Consider this: who is more dedicated as a teacher---one who has deliberately planned and trained for this as their personal career; or the one who just happens to be "available" to fill in on occassion???
Blessings and Peace,
Star
Junk article unsupported by the standing science...
Ballou and Podgursky, among many others, show that paying more for teachers does not produce better teachers... we only end up recruiting from the same pool.
Yes, firing bad teachers improves the quality of education. Peterson, Hoxby and others have stated that teacher quality matters far more than teacher quantity. Eliminating low quality teachers from the profession means more students end up with better teachers.
Finally, there is no evidence that the unions treat teachers as professionals. Few professions get protected from bad behavior, incompetence or are guaranteed pay regardless of competence or effectiveness... Unions treat teachers as pawns, a means to their own ends and that is union power over politics. Unions are responsible for the meaningless teacher certifications, professional training and more that infuriates teachers and burdens them with hours of meaningless paperwork and classwork.

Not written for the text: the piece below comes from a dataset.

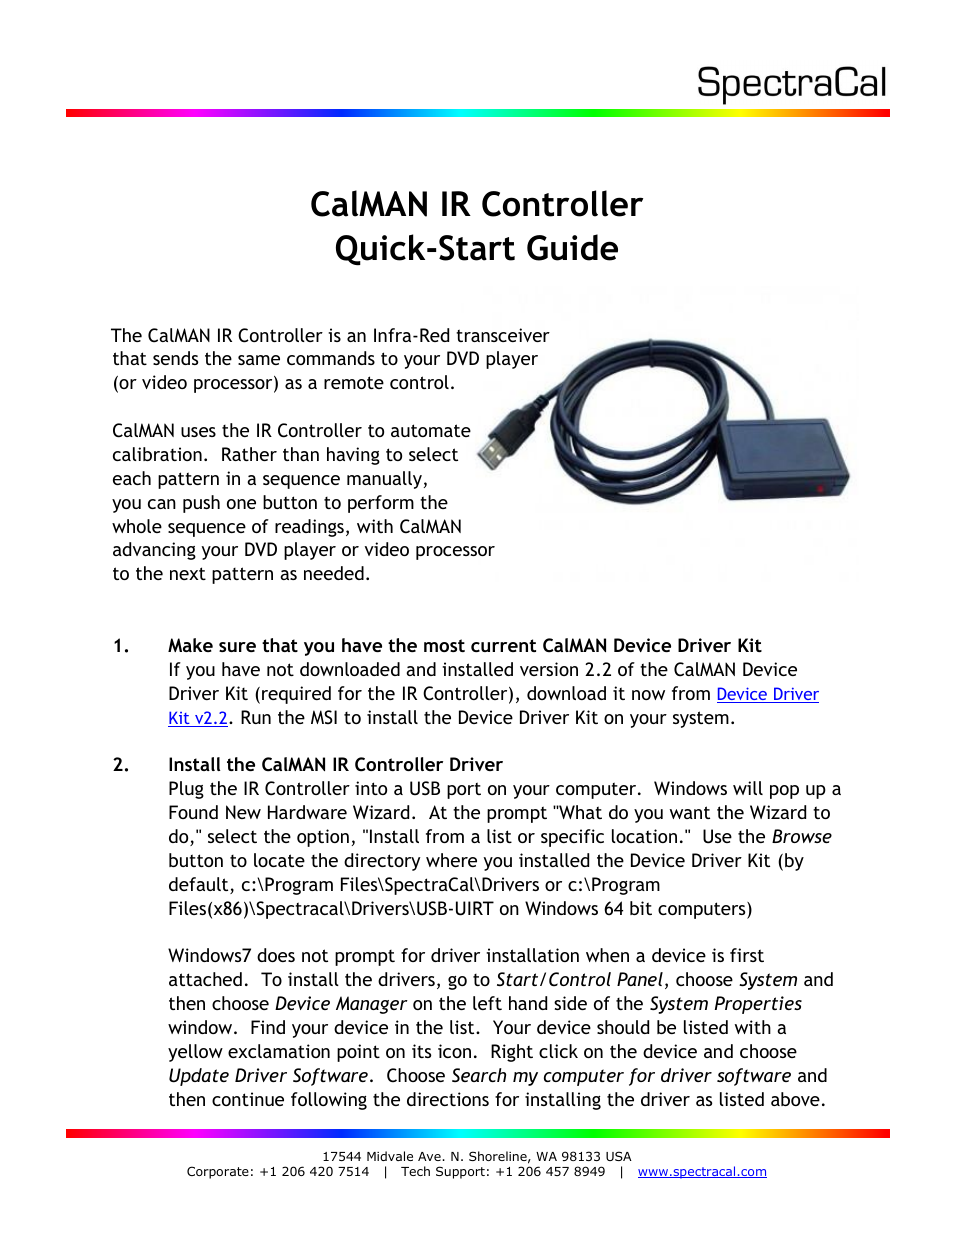 SpectraCal CalMAN IR Controller User Manual | 2 pages

@Patrick. How do you determine who is a "bad teacher"? In Nevada, only 33% of teachers have tested subjects. What does a "bad teacher" look like? If you are going to use data from one test, how do you factor out the kids who are bad test takers, have a grudge against a teacher and don't want to do well? How do you measure growth, if a student isn't at grade level when a teacher get that student?
A simple question. Which teacher is a better teacher. An AP math teacher has all students pass the math proficiency test. A pre-algebra teacher whose students raise their scores, but not all students pass the test. Tell me, which one should be fired as a "bad teacher"?
Please cite your sources for your claim that unions don't treat teachers aa professionals.
@Patrick. Please explain to me how teacher unions are responsible for "meaningless teacher certifications"? Last time I looked, the states determine the requirements for teacher certifications and license, not unions.
Professional training and development is run by the school district, not by the union. In order to renew a teaching license, the state requires teachers to have additional college credits. How is that caused by the union?
Please explain what you mean by "meaningless classwork and paperwork". I don't understand that comment.
OK Marc, explain this: teachers have demanded higher wages (50% higher than the average with same skills) BECAUSE they deal with all the other issues students have. Do we get to cut compensation by 33%?
And, it's rather common knowledge that the rest of the world (save Switzerland's 2,000 student sd) spends LESS than the U.S. for K-12. Common sense that they put some of the cost of K-12 into books, computers, paper....NOT teacher compensation.